March 1999 was a landmark date for pharmacists working in the UK. The final report submitted to ministers by the review team for prescribing, supply and administration of medicines—the second Crown Report—proposed a new framework whereby non-medical healthcare professionals should be permitted to take on additional prescribing responsibilities . This group of healthcare professionals included pharmacists, nurses, midwives, radiographers, podiatrists, physiotherapists and optometrists.
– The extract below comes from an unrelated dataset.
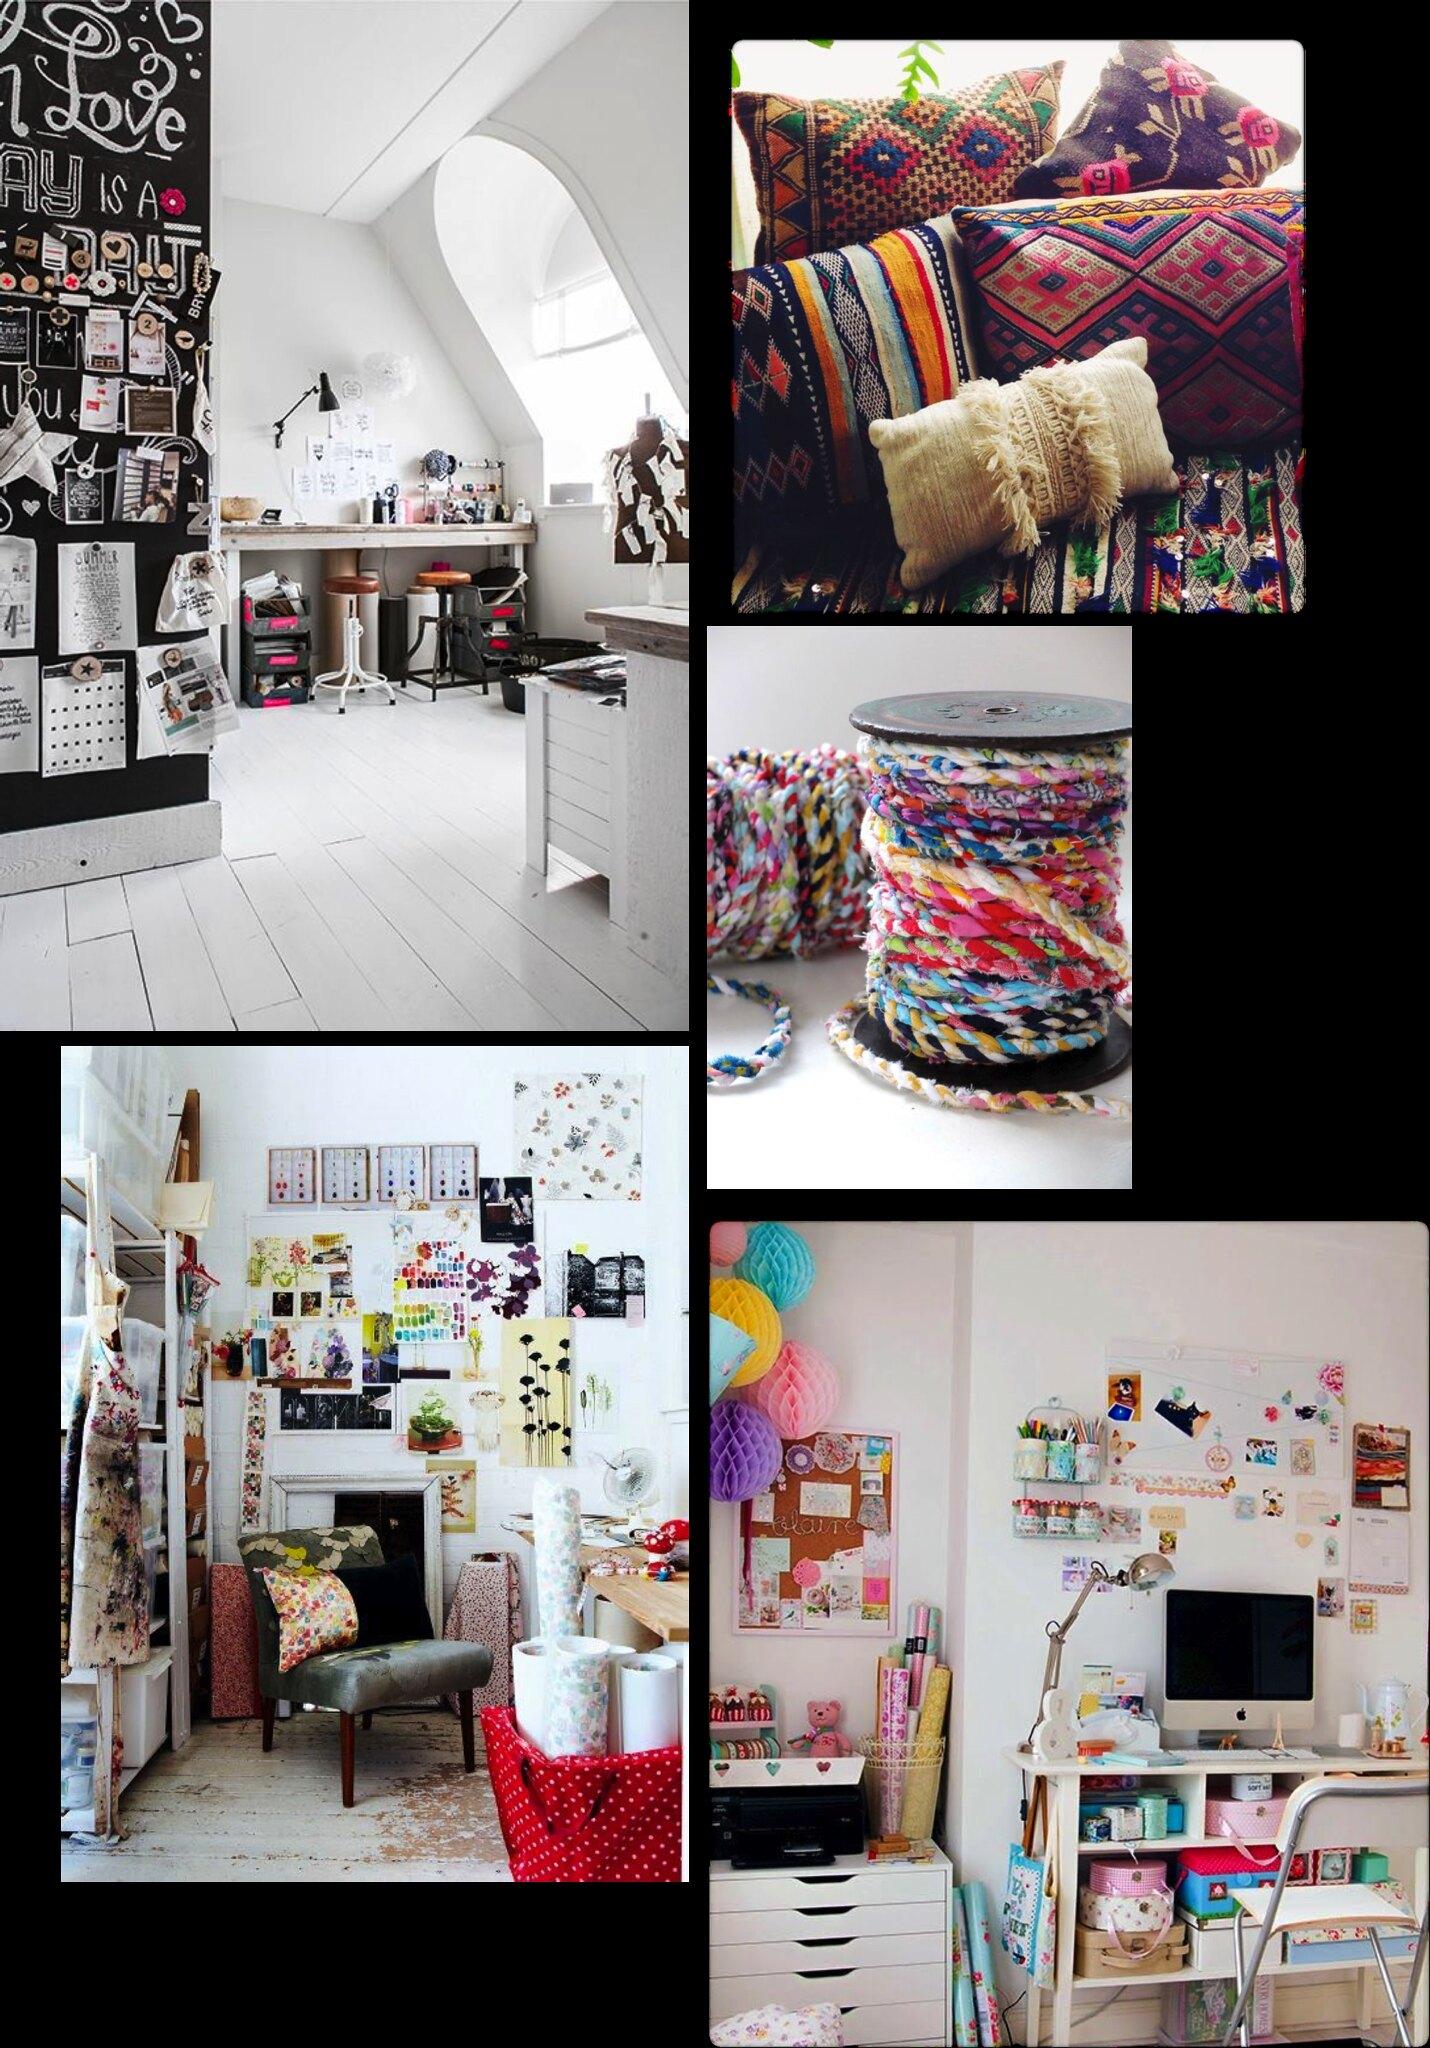 studio inspo / pinterest images / kirsty wears blog
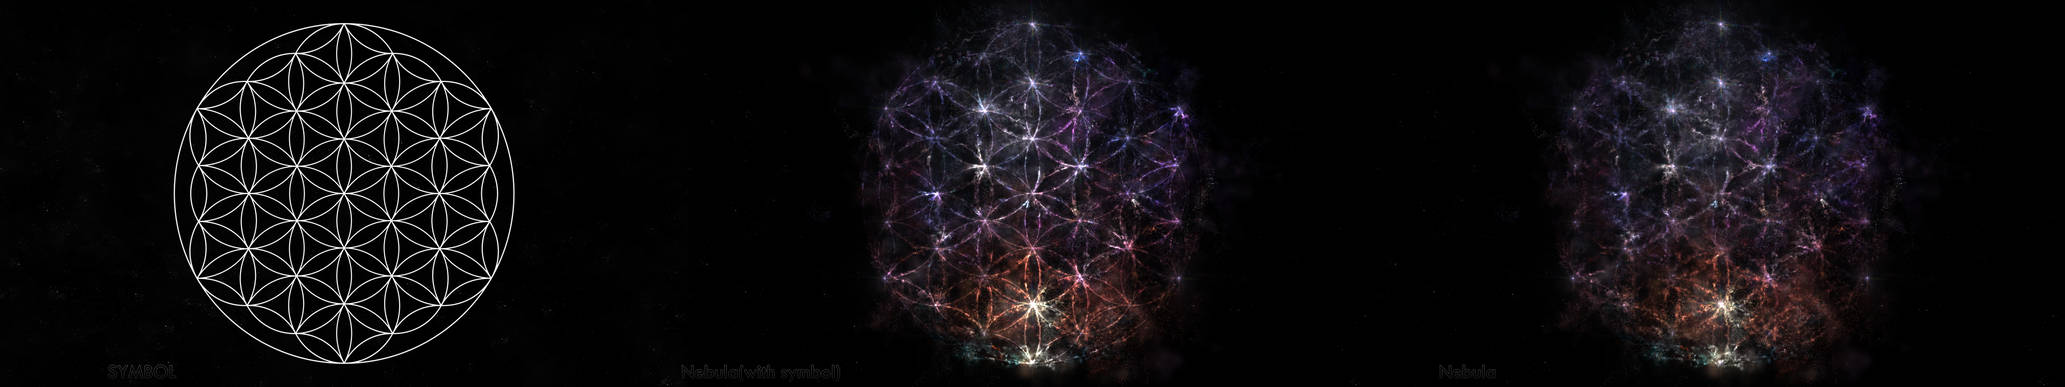 Flower Of Life - Nebula

Two new types of prescriber were defined in the Crown Report: the independent prescriber and the dependent prescriber. The Health and Social Care Act 2001 introduced dependent prescribing for pharmacists and other non-medical professional groups . Dependent prescribing was implemented into practice as supplementary prescribing. Supplementary prescribing is defined as a voluntary partnership between an independent prescriber—a doctor or dentist—and a supplementary prescriber to implement an agreed patient-specific clinical management plan with the patient’s agreement.
In 2003, the Robert Gordon University in Aberdeen ran the first pharmacist prescribing course in the UK with this intake registering as pharmacist supplementary prescribers in 2004. Supplementary prescribing required a prior diagnosis and preparation of a clinical management plan which had to be jointly agreed and signed by the medical prescriber, the supplementary prescriber and the patient . Whilst there were no legal restrictions placed on the supplementary prescriber with respect to medical condition and choice of medicine, the requirement to use a patient-specific clinical management plan was found by some pharmacist prescribers to be limiting. The clinical management plan (CMP) described the medicines which could be prescribed for defined conditions and any associated medicines for supportive care, but did not allow freedom to add other medicines for transient unpredicted conditions. For example, the CMP might describe the prescribing of capecitabine and the standard supportive medicines for metastatic breast cancer. But if the patient presented with oral thrush or an itchy rash perhaps, adding additional medicines which were not listed on the CMP required referral back to the medical prescriber. At this time, supplementary prescribing was deemed more suitable for an outpatient clinic environment, where patients were more predictable, rather than an acute hospital ward accepting unplanned admissions.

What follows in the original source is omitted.